Thirdly, he says (from April 2016) real rents actually stopped rising, and broadly flatlined until January 2017. By real rents he means fiddled for inflation, sophist trickery again. Craw gave the game away in an article he wrote for CityMetric: “In cash terms they are still rising in most parts of the country, but at a slower rate than before the tax changes. In London they’ve been falling.” Click here
In fact, rents continued to rise from November 2010 to September 2018, except for tiny falls in London since May, according to the table referred to above.
Fourthly, he fails to mention that after the Brexit decision in June 2016 demand dropped because EU citizens started to leave the UK.
From this flawed analysis he draws a false conclusion. Experts warned that Osborne’s tax attacks would drive up rents, and that abolition of S 21 would drive out landlords and drive up rents. He claims (falsely) that the first prediction did not materialise therefore the second one won’t!
“The lesson in all this is that the government should press on with legislation to raise standards within the rental market, particularly ending Section 21 of the 1988 Housing Act to provide greater security of tenure.”
Craw wants to introduce lifetime tenancies again, which made the PRS shrink in the last century. More than 80% of landlords own only one or two properties. If they had no way of recovering them they would not rent them out in the first place, and the supply would shrink once again. There would be less choice for tenants and rents would be higher.
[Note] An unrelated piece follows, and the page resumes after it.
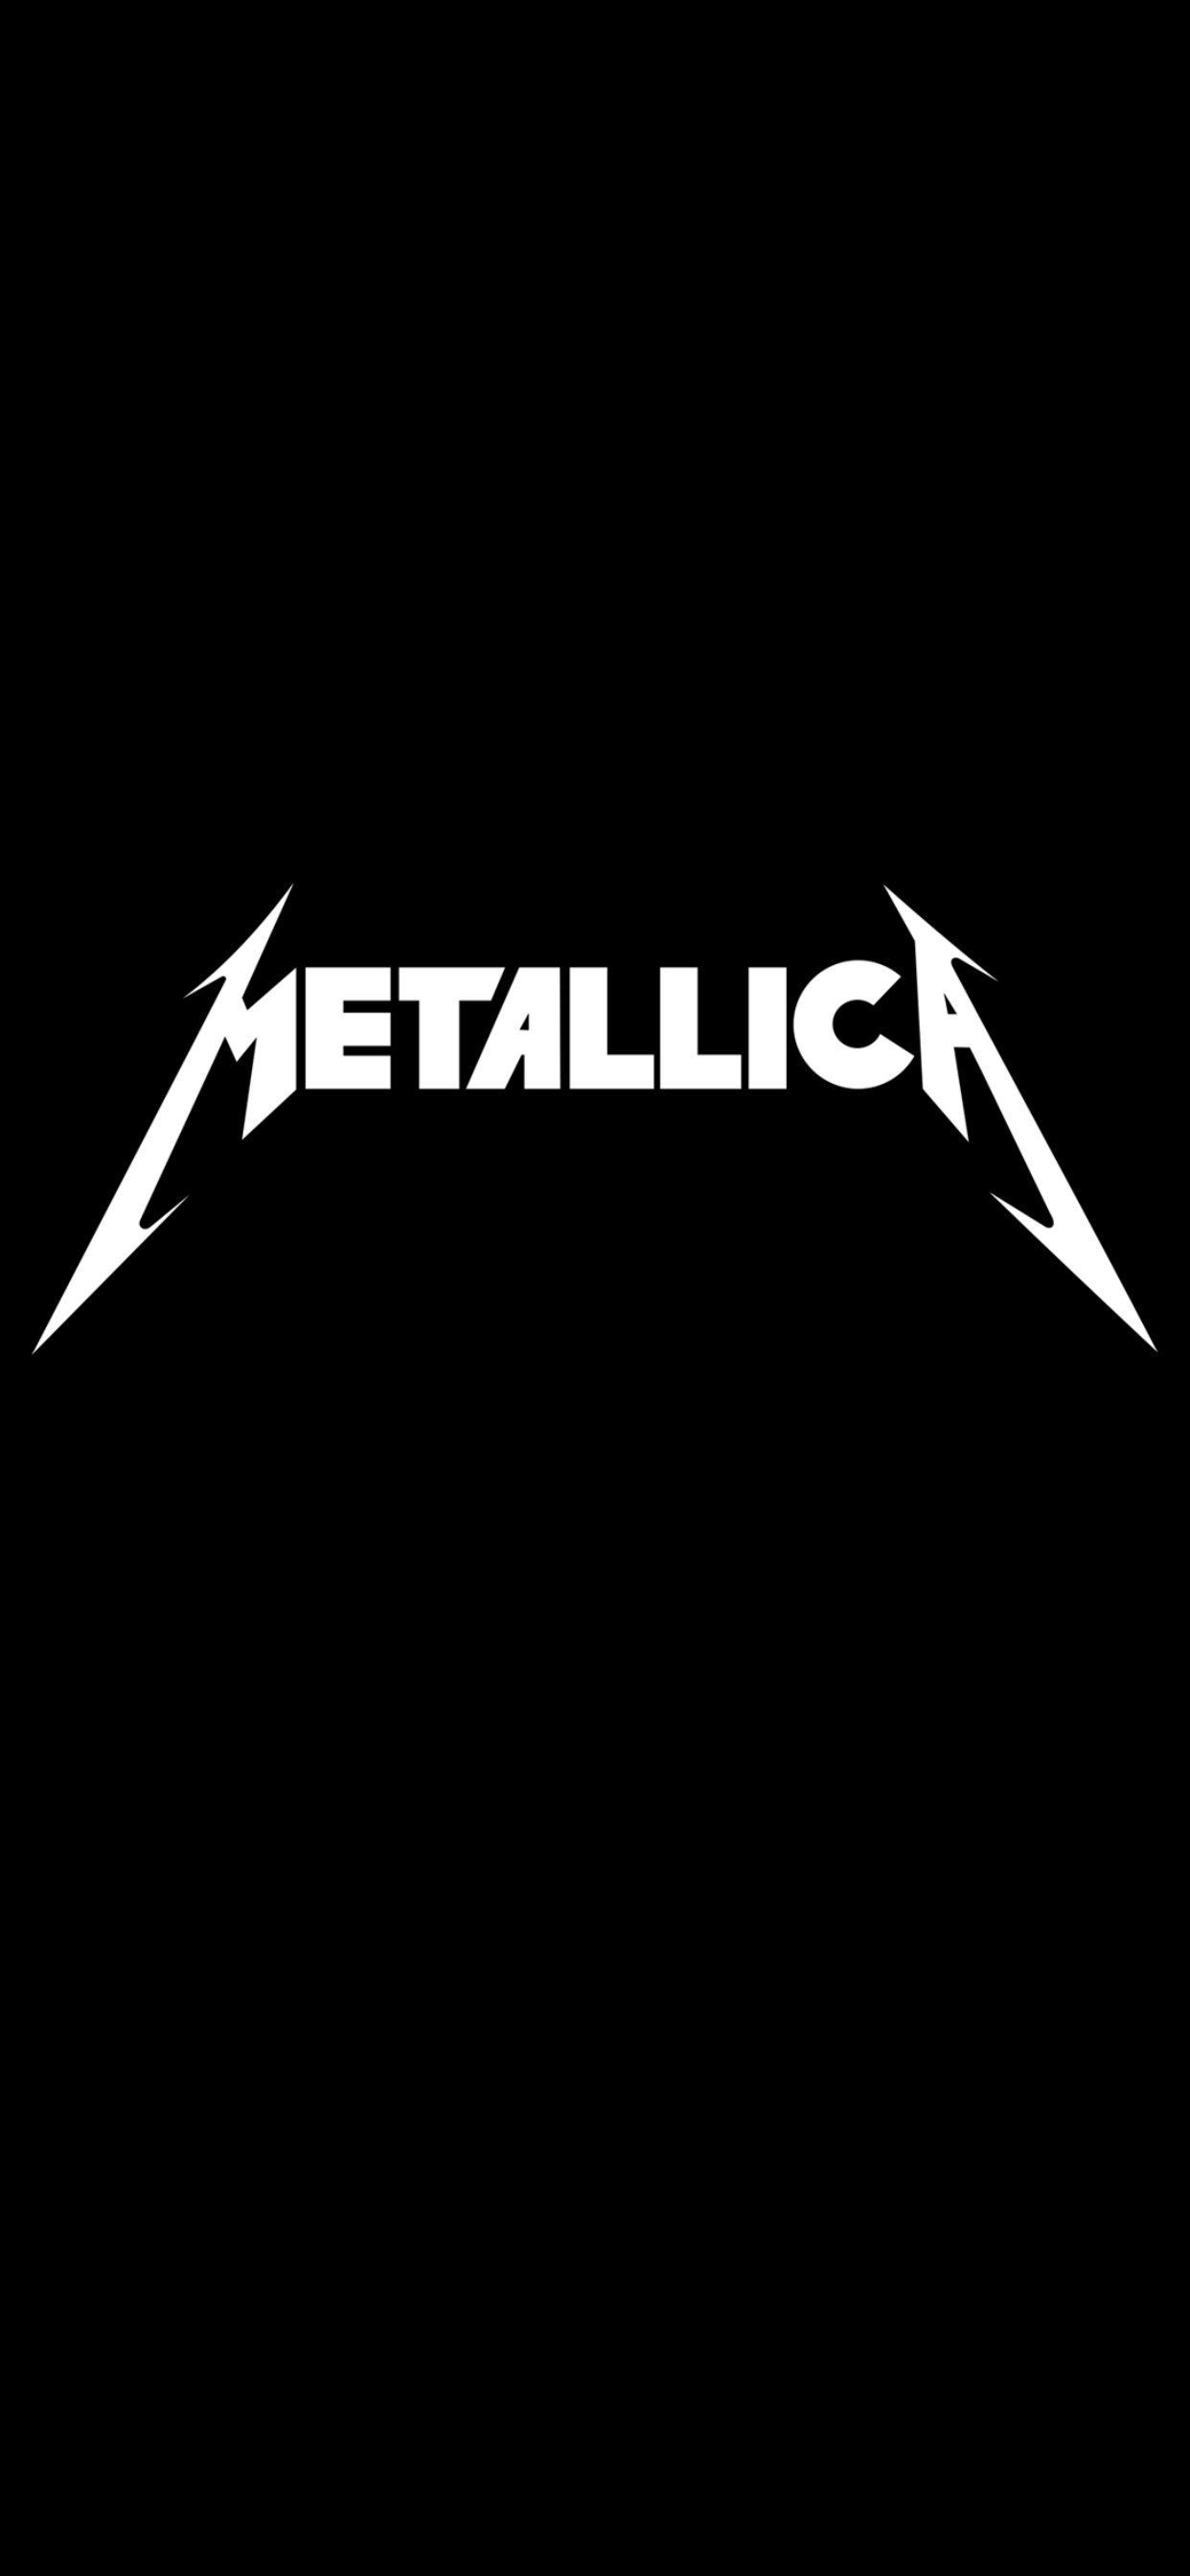 Metallica iPhone HD phone wallpaper  Pxfuel

Craw asserts that landlords will not flee the market, and will just allow the value of their properties to be halved because of sitting tenants, but he wants measures to stop them fleeing!
“Any efforts to boost home ownership must be matched by reforms that protect tenants whose landlord wants to sell. We need to put an end to landlords evicting without a reason and cushion the blow for tenants who are forced to move through no fault of their own – requiring landlords to compensate tenants would achieve this while encouraging sales with sitting tenants,” he said.
He ends with “For policymakers this has important implications. Regulation such as greater security of tenure is designed to improve tenants’ lives by giving them much-needed stability, and the confidence to exercise their rights to fair treatment and safe accommodation. Such measures may well result in more landlords deciding to leave the market, causing the private rented sector to shrink and home ownership to rise. But there is no reason to think that in doing so they will make tenants financially worse off.” (His emphasis)
No reason except that logic and wisdom indicate that they will indeed be worse off – due to the Law of Supply and Demand.
This flawed paper will not deceive seasoned policymakers, but unscrupulous people may use it in propaganda. If they do, we must rebut it.
However, Craw’s paper will lull his followers in Generation Rent into a false sense of security about the consequences of their campaigns. It is they who are being hoodwinked.